> [Work to complete]:
In the copy, include all of the listing exactly and none of its pictures.

> [Dataset extract]:
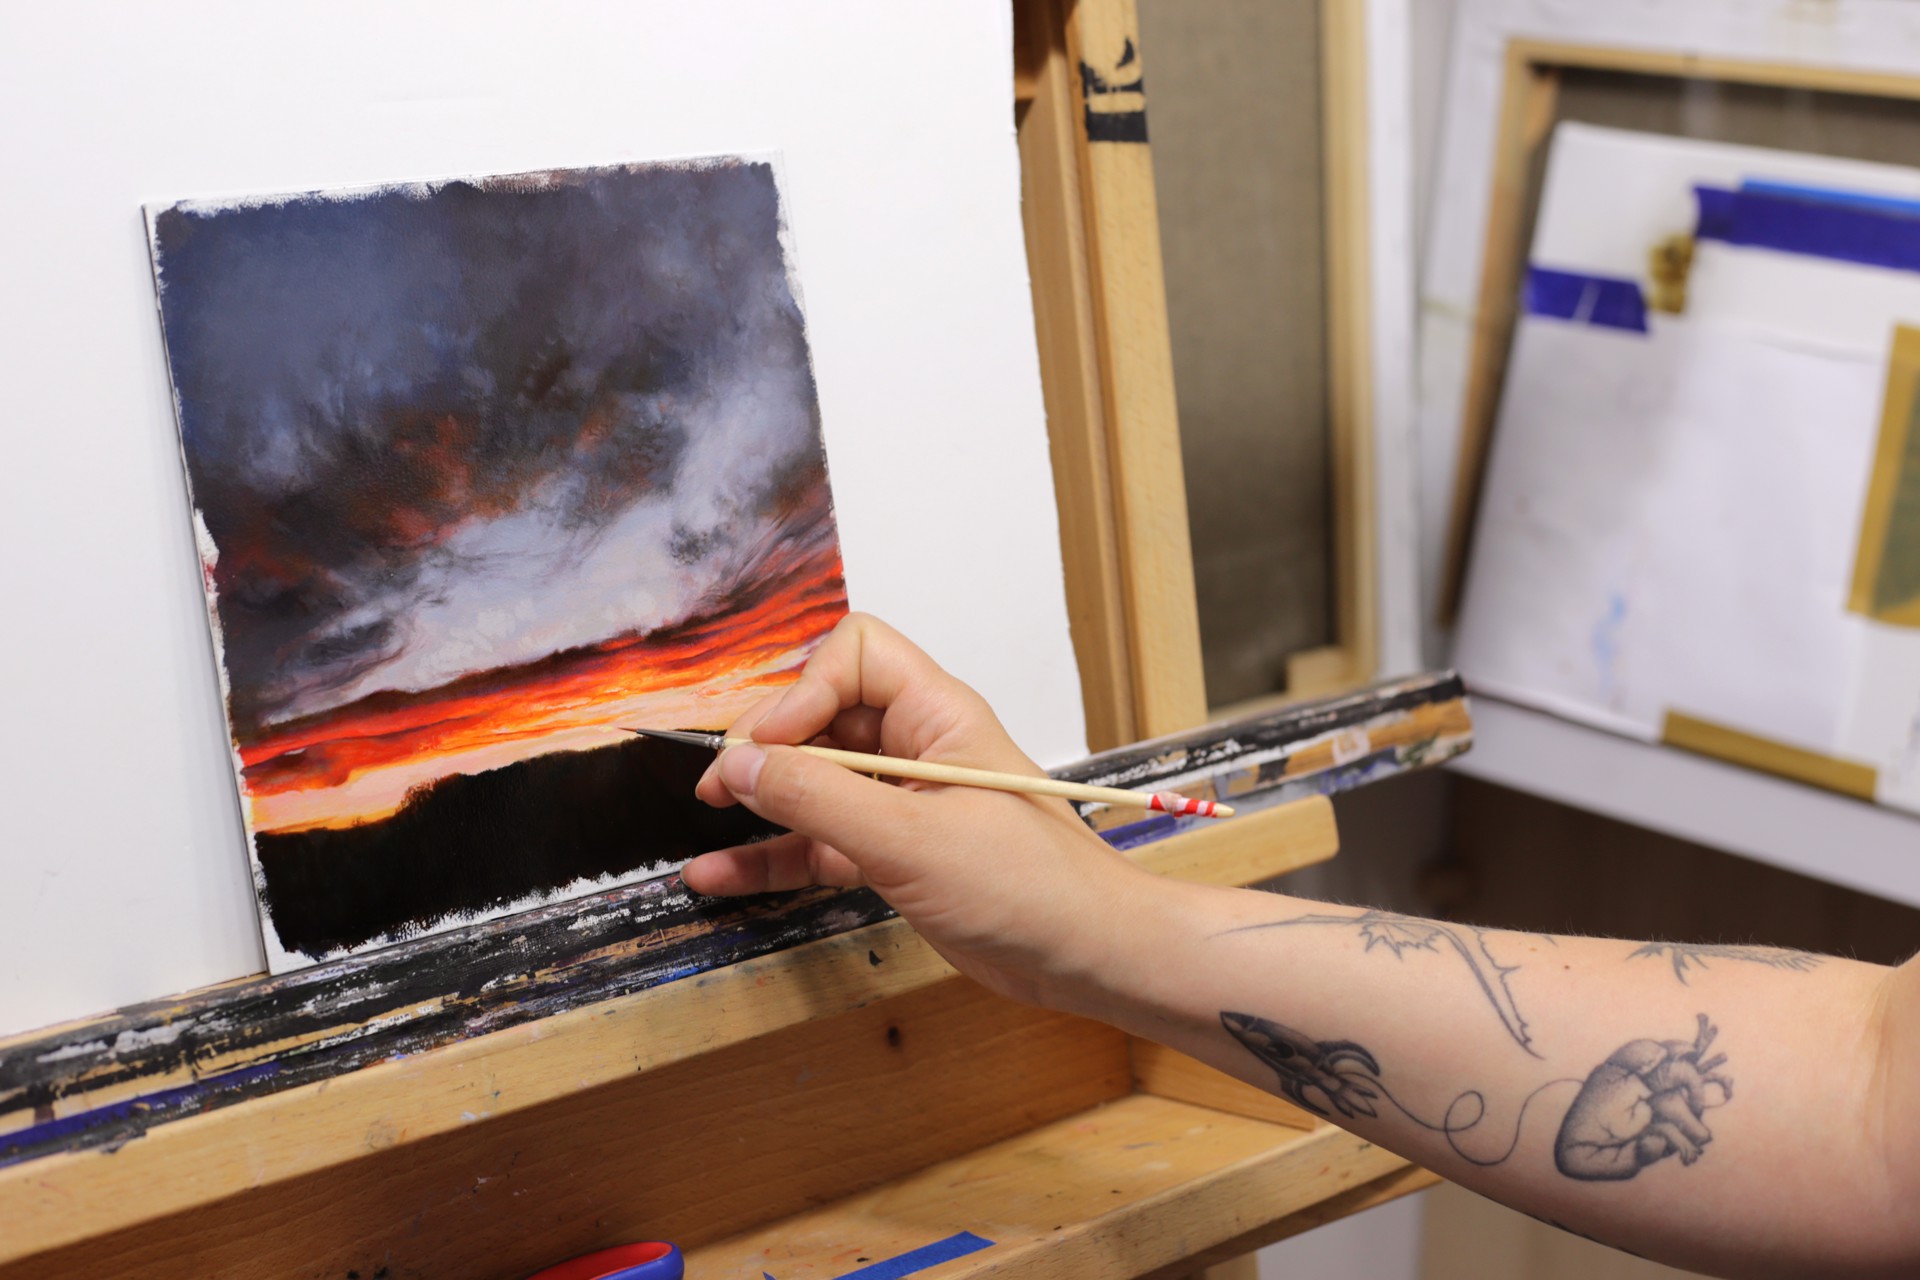 A Burning Cloud by Anna Wypych
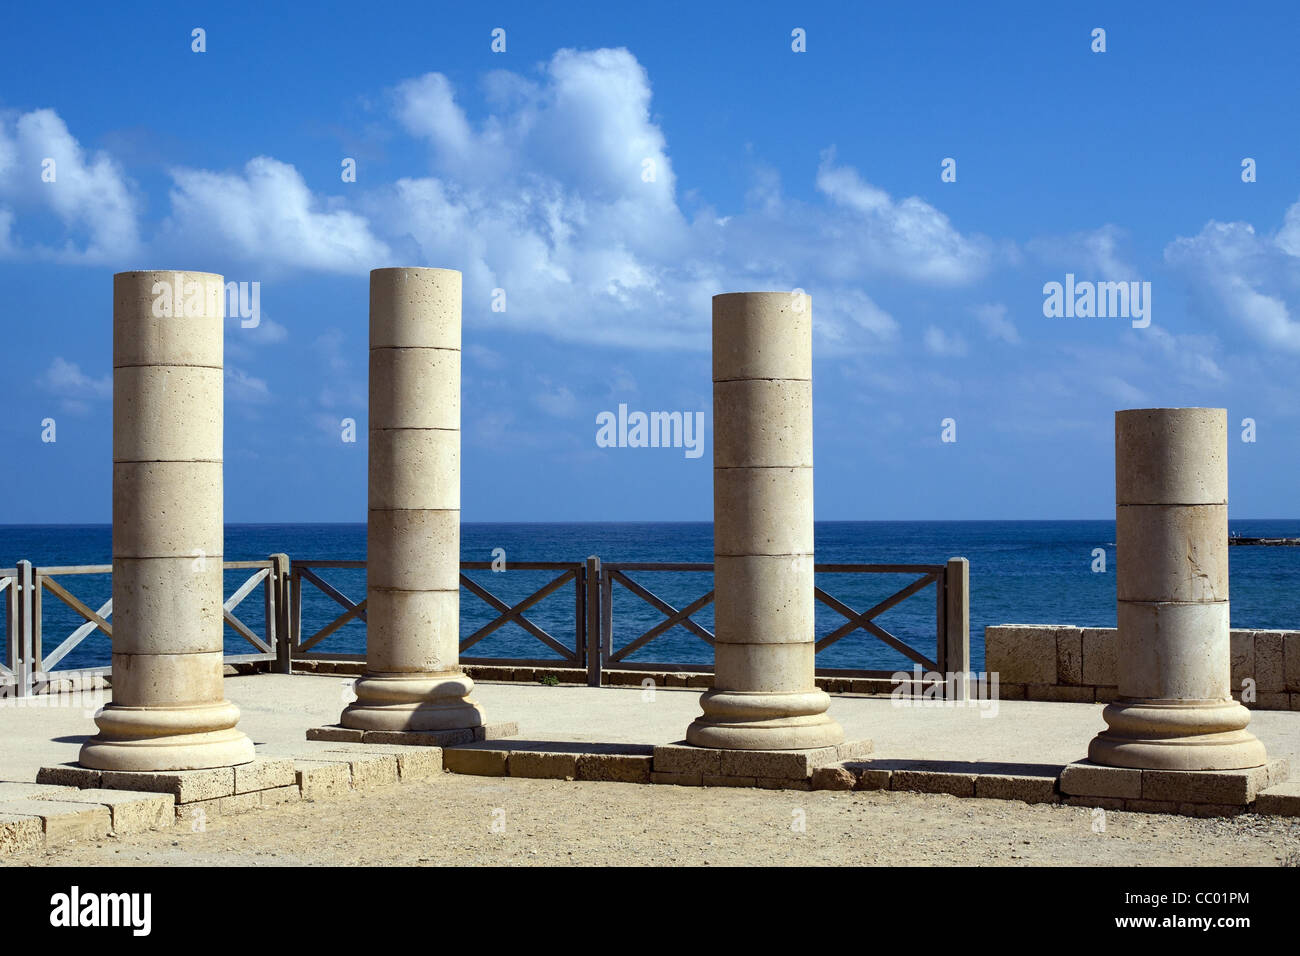 Ruines de colonnes romaines, SITE ARCHÉOLOGIQUE DE LA VILLE antique de Césarée, en Israël Banque D'Images
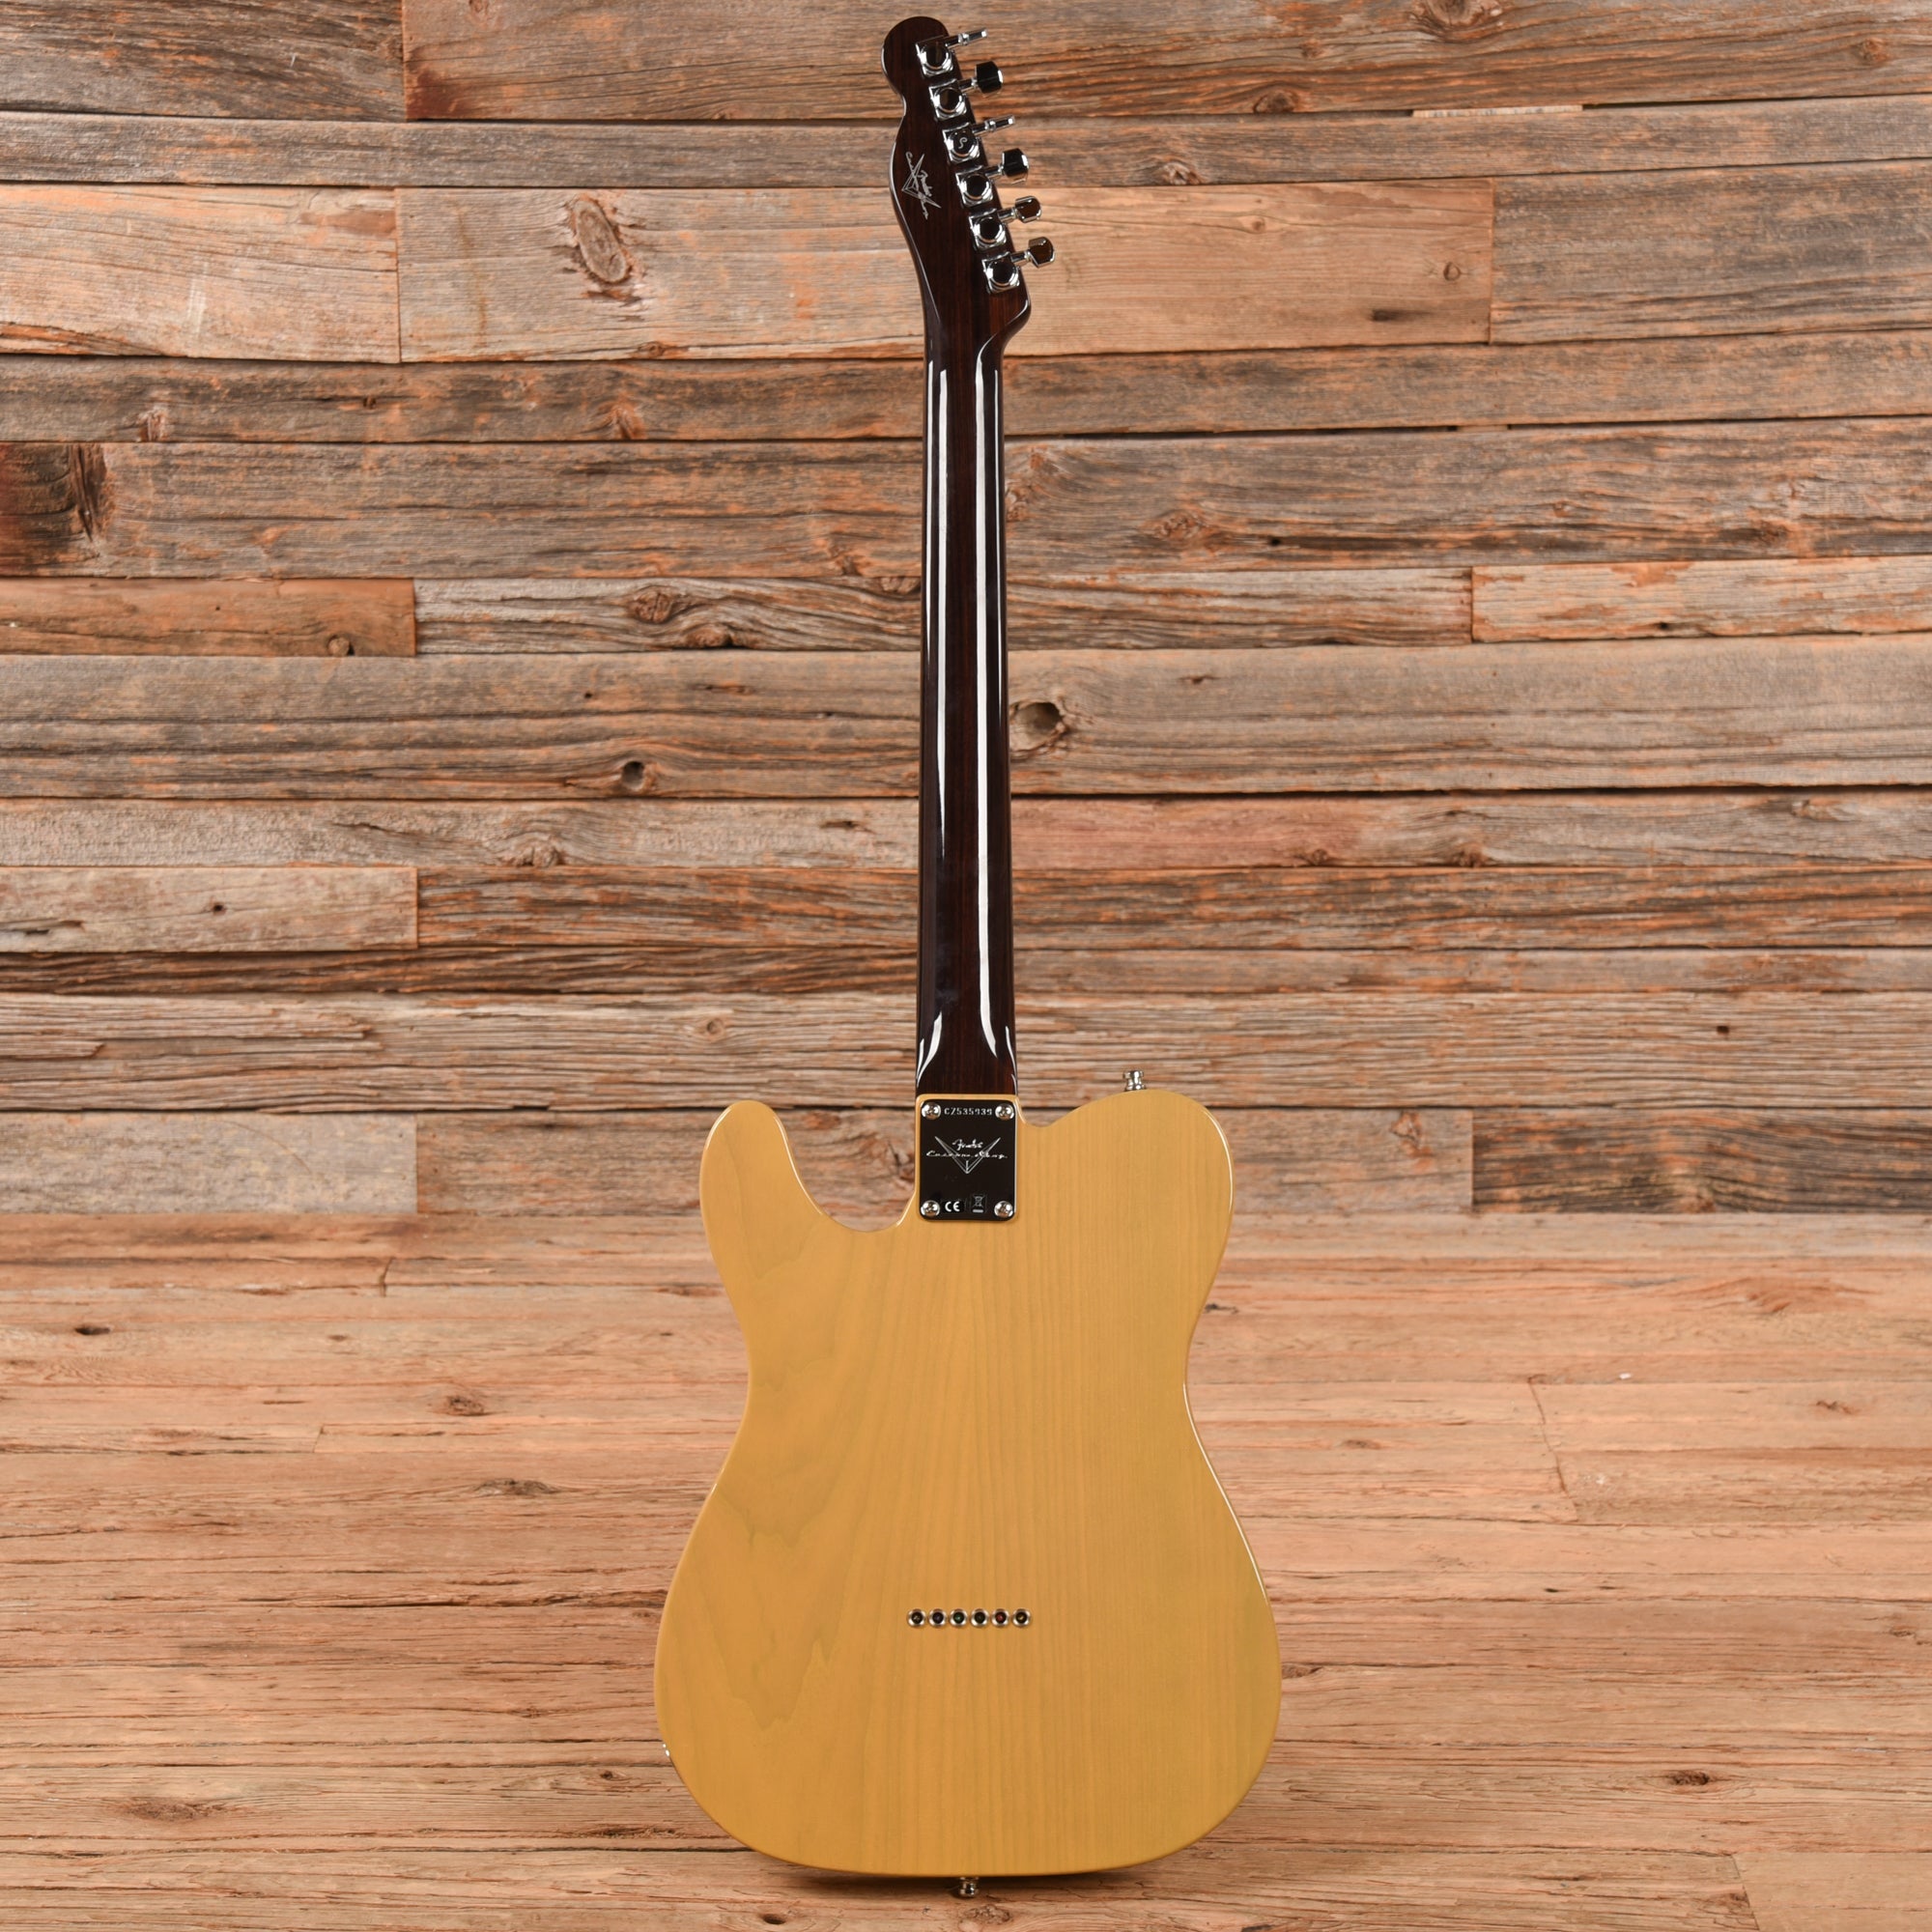 Fender Custom Shop Post Modern Telecaster w/Rosewood Neck Closet Classic Butterscotch Blonde 2018

> [Completed exercise]:
 A Burning Cloud by Anna Wypych
 Ruines de colonnes romaines, SITE ARCHÉOLOGIQUE DE LA VILLE antique de Césarée, en Israël Banque D'Images
 Fender Custom Shop Post Modern Telecaster w/Rosewood Neck Closet Classic Butterscotch Blonde 2018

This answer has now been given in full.